Je gravis avec peine le millier de marches –au moins- qui mènent à la surface. J'émerge enfin, pantelante, chancelante, et haletante, après avoir rampé sur les cents dernière marches. Je sens la nuit à venir agréable moi, avec toutes ces crampes que je vois se profiler à l'horizon…
Parlant d'horizon, le ciel est particulièrement dégagé ce soir. Je regarde à gauche, puis à droite. R.A.S. Je me faufile dans les hautes herbes avec la discrétion d'un pachyderme boiteux vers un point un peu plus en hauteur que le reste de la vallée. Je m'y affale ruisselante de sueur, un râle régulier s'échappant de ma gorge. Kami-sama, je ne suis définitivement pas sportive.
Je m'installe confortablement sur ma colline et contemple le paysage éclairé par la faible lueur de la lune qui monte dans le ciel. Au loin, j'aperçois des lumières, qui correspondent certainement au village dans lequel nous devons aller chercher le petit Jinta. Aux dires de Kuukaku, le village placé sous surveillance, n'a pas donné de signes de détresse particuliers.
Pour l'instant, étant donné que nous allons bientôt lui rendre une petite visite. Au moins Magsu et ses sbires ne sont pas encore passés à l'action, et c'est l'essentiel.

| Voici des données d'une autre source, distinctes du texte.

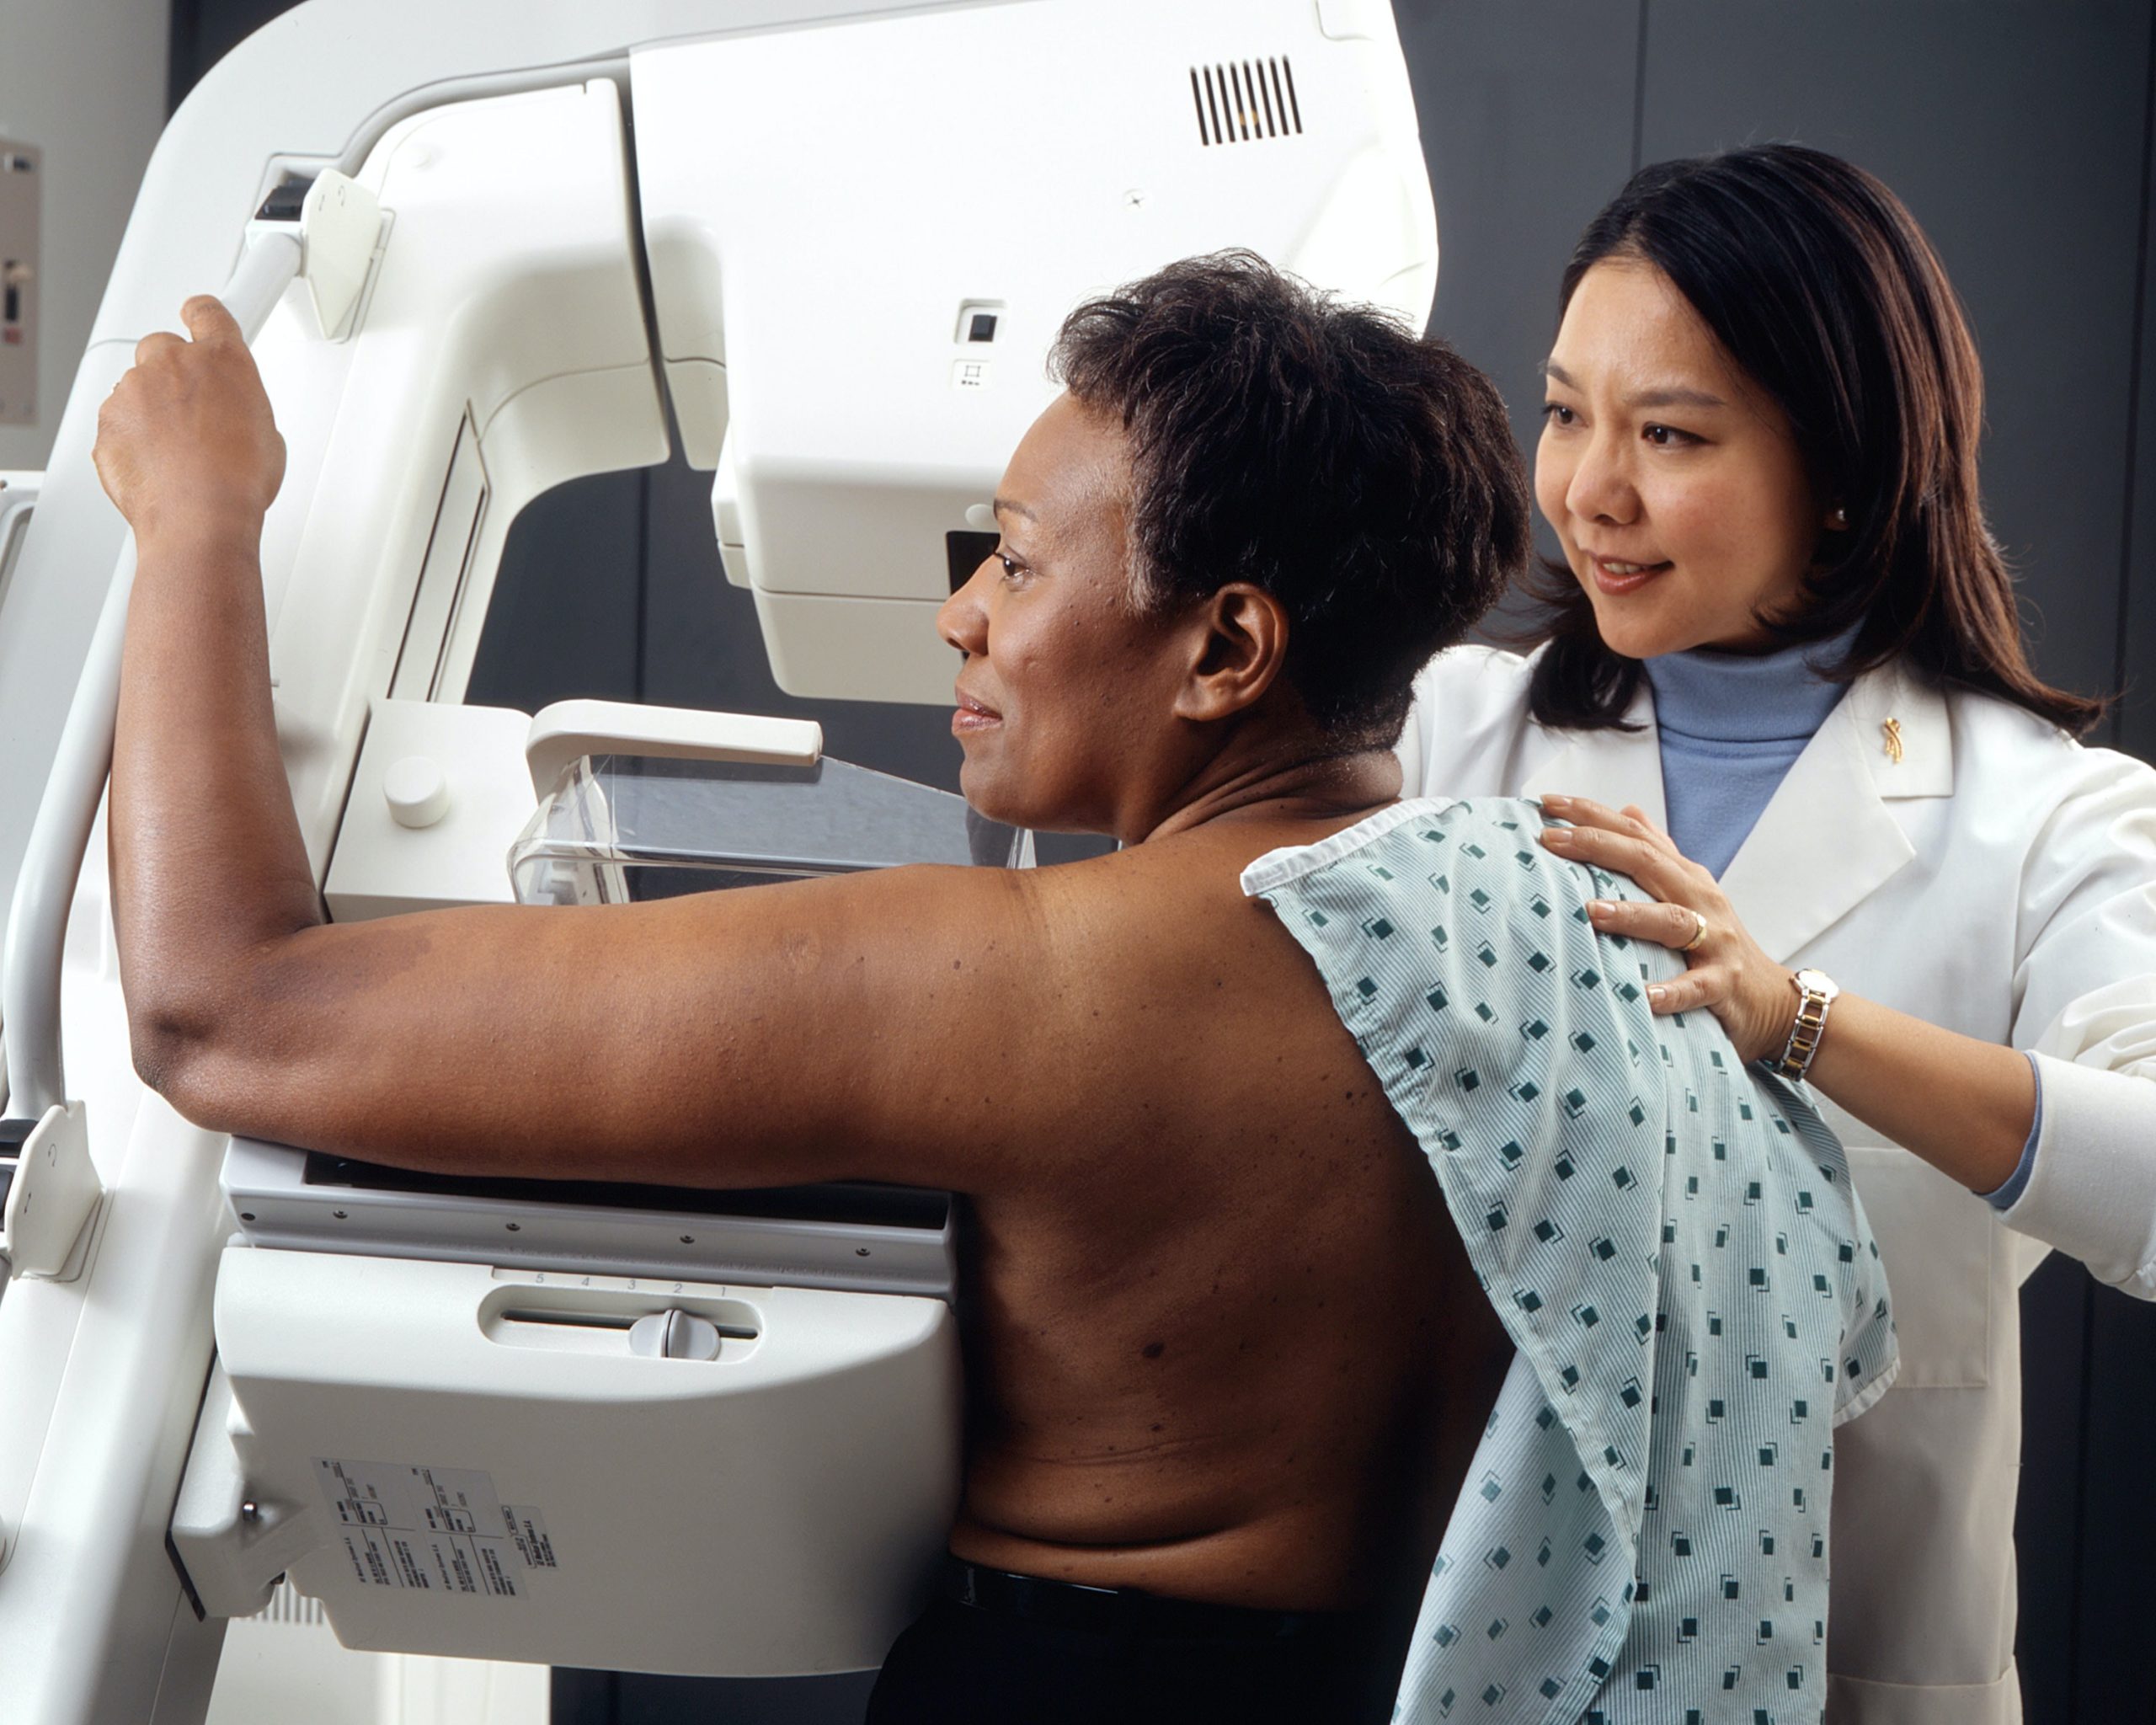 Woman having mammogram

Je soupire bruyamment et sors un paquet de gâteaux de ma poche intérieure. C'est malin, à force de se torcher dans les escaliers, les voilà en miettes. Inspiration crumble…mmh, mais non, dommage, pas le temps.
Je secoue le paquet au-dessus de ma bouche, de façon à ce que les morceaux de biscuits me tombent littéralement dans le bec. Mon regard s'attarde ce faisant sur le ciel, maintenant parfaitement éclairé par le combo pleine lune-étoiles. De nouveau, je pousse un soupire à fendre l'âme. Je ne réfléchis plus, et tout en expirant, je laisse ma tête hirsute venir toucher le sol.

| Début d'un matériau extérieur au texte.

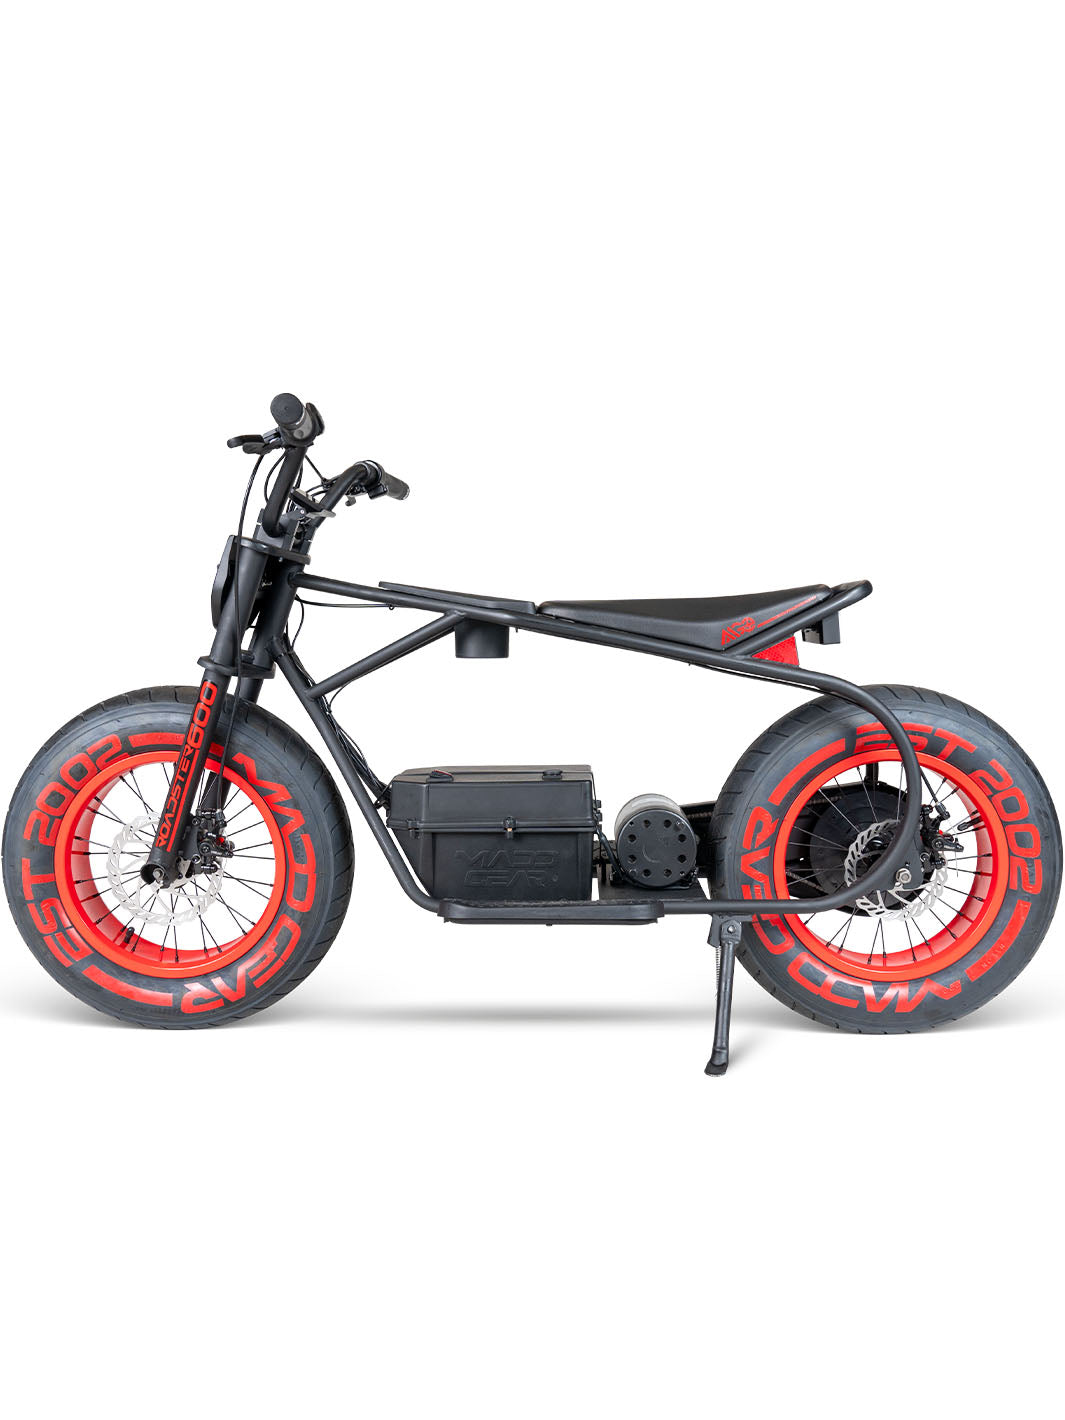 Madd Gear Roadster 600 Electric Mini Bike E-Bike GoTrax Jetson Kids Teens Adults Black Red

Jambes et bras écartés, je continue de scruter le plafond de ce monde, en proie à une complexe mélancolie. Je ne me souvient plus complètement des paroles de Ru, comme si j'avais peur de les prendre en compte, et de laisser cette vague de reproches meurtrir mon cœur. Je refoule, à mon habitude, et par conséquent c'est mon cerveau qui fait des nœuds. Il y a eu plus d'action ces deux dernières semaines qu'il n'y en a jamais eu en cent ans de ma vie. De ce fait, je ressens le besoin de remettre pas mal de choses en question. La mort d'Okikiba a été l'élément déclencheur, et la plaie est encore vive. Mon impuissance m'insupporte encore plus. Impuissance ou inaction ? Selon Yoruichi, ce serait l'option deux…C'est quand même pas ma faute si je n'ai pas les capacités pour être Shinigami…non ?
Si ?
Aurais-je appuyé sur ces faiblesses jusqu'à tomber dans le pathos ? Serais-je aussi vulgaire et hypocrite que ces pimbêches de l'Académie, qui aiment à se dévaloriser juste pour le plaisir de s'entendre plaindre ?
-On dirait une étoile de mer dont le sommet d'une branche serait couvert de moisi.

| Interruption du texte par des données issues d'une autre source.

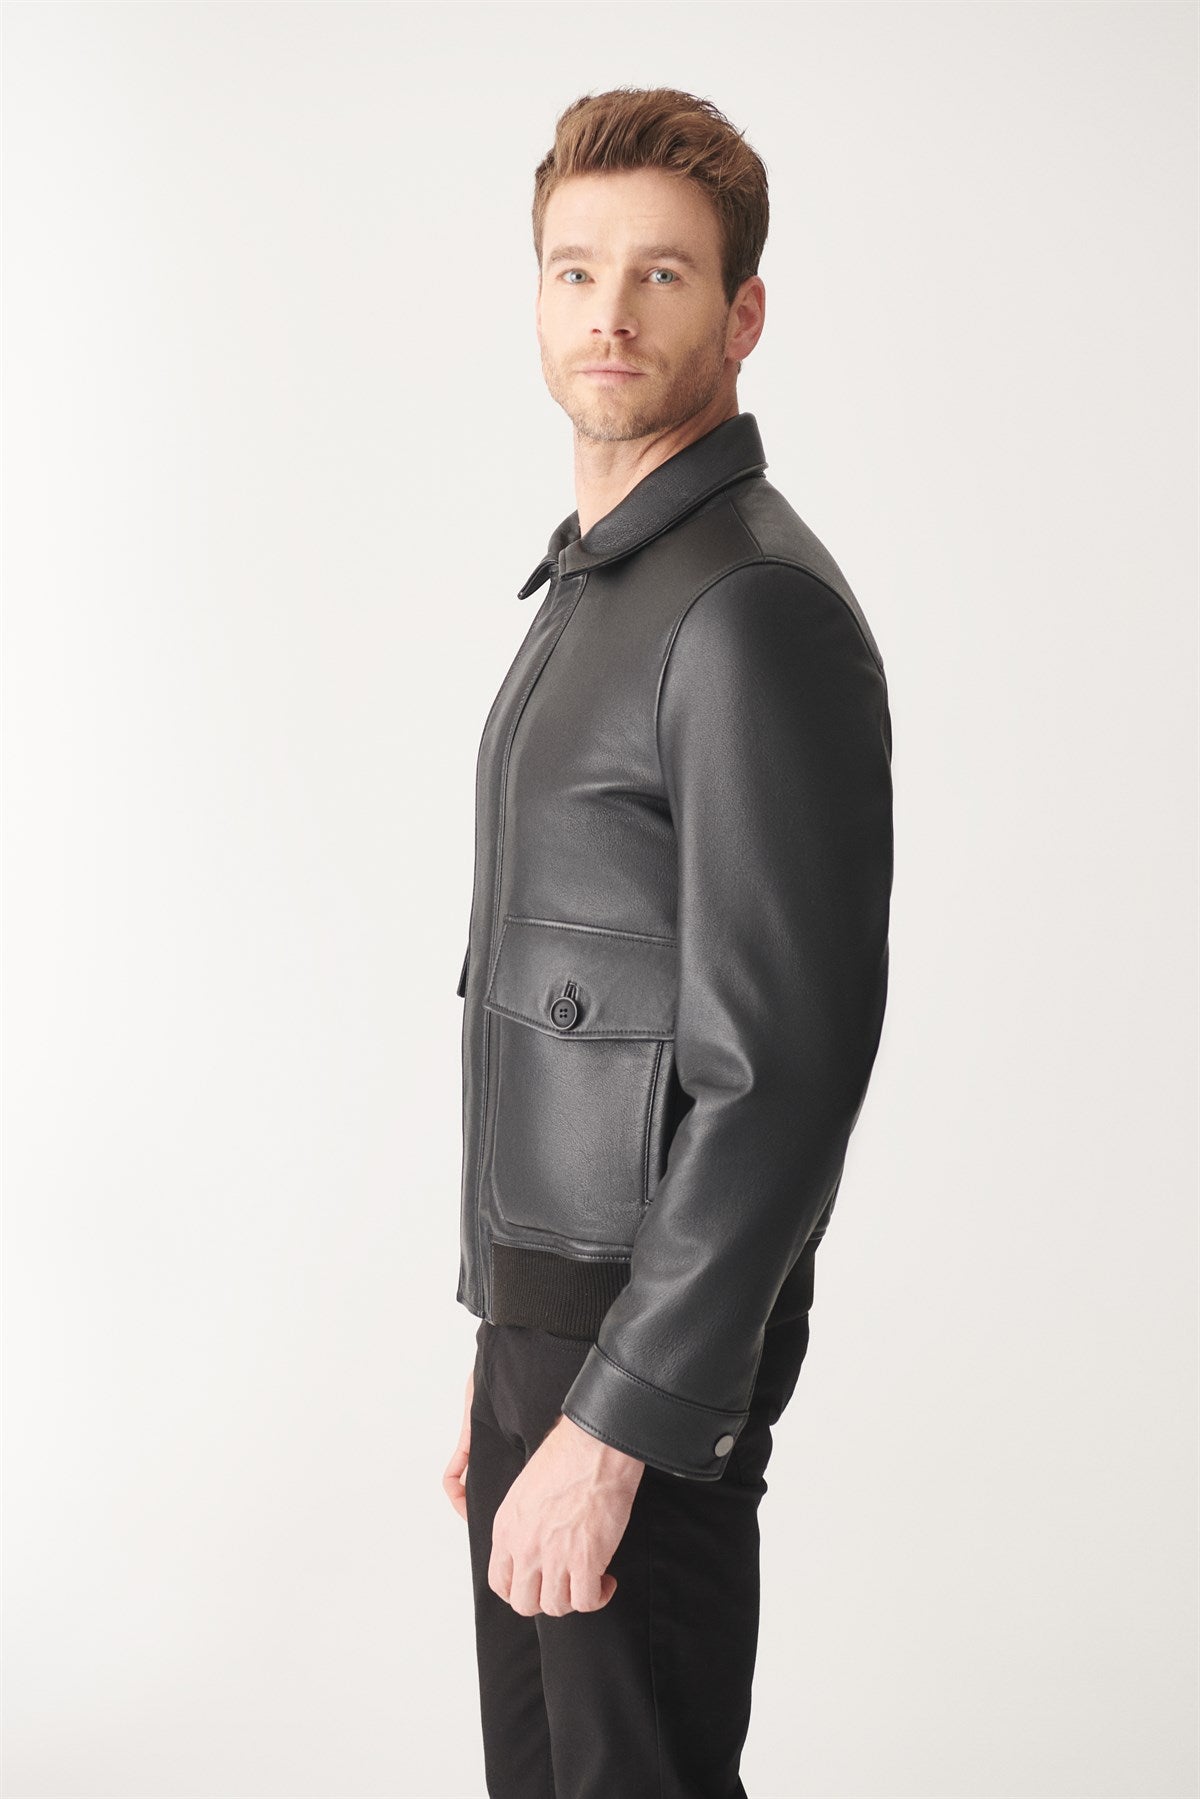 Black Bomber Leather Jacket for Men - LJ

Tiens, je n'ai pas entendu Hakusho arriver. Je ne répond pas, il semble que je n'en ai pas besoin. Un battement de cils, et il comprend que je ne vois pas d'inconvénient à ce qu'il reste. Il s'installe en Indien à mes côtés, et fixe un point invisible dans la nuit.
-Baisse de moral ?
-Ta bouche.
-Baisse de moral, conclut-il, professionnel. Raconte à Père Castor tes problèmes.
-C'est pas Père Castor qui doit raconter des histoires, normalement ?
-Il n'en a plus, depuis qu'une jeune femme amputée du bras droit a dévalisé sa tanière.
-Kuukaku aurait fait ça ?
-Je n'ai pas donné de nom.
-Stigmatiser les estropiés, tout de suite…
-Penser à cette femme à la douceur désarmante, pour un crime aussi atroce…
-Je n'irai pas jusqu'à la qualifier de désarmante. Percutante me semble plus approprié.
-C'est vrai qu'elle sait se faire entendre à grands coups d'arguments.
-Je dirais même plus, au moyen d'opérations coups de poings.
-Je dirais que c'est ce qu'il y a de plus frappant chez elle.
-Ses arguments ?
-Non, les poings.
Hakusho éclate de rire, fier de sa connerie apparemment. Je me laisse aller à sourire, et me décrispe peu à peu. Je me redresse dans la même position qu'Ha, côte-à-côte Il se rapproche imperceptiblement, et nos épaules s'entrechoquent. Mais ce contact, encore une fois, me fait du bien. Pour une raison que j'ignore d'ailleurs.
-Hakusho ? Commençais-je, hésitante.
-Ouais ? répond-t-il désinvolte, baillant sans vergogne.
Que d'élégance.
-Comment tu me trouves ?
-Hein !?
-Rien, soupirais-je, laisse tomber. C'était stupide, un moment d'égarement. Rentrons.
-Tu veux que je fasse ta description ? m'ignore-t-il.
-NooooOoooon…c'est juste que…tu crois franchement que je suis quelqu'un de …pathétique ?
Il semble considérer la question, tête légèrement penchée, main sur le menton.
-Eh bien…tu as souvent été pathétique, mais tu n'as jamais agi de façon à l'être. Je dois quand même dire que ta combativité relativement restreinte a quelque chose de légèrement pathétique en elle-même.
-C'est tellement plus clair, vu comme ça…rappelle-moi de te redemander conseil à l'avenir.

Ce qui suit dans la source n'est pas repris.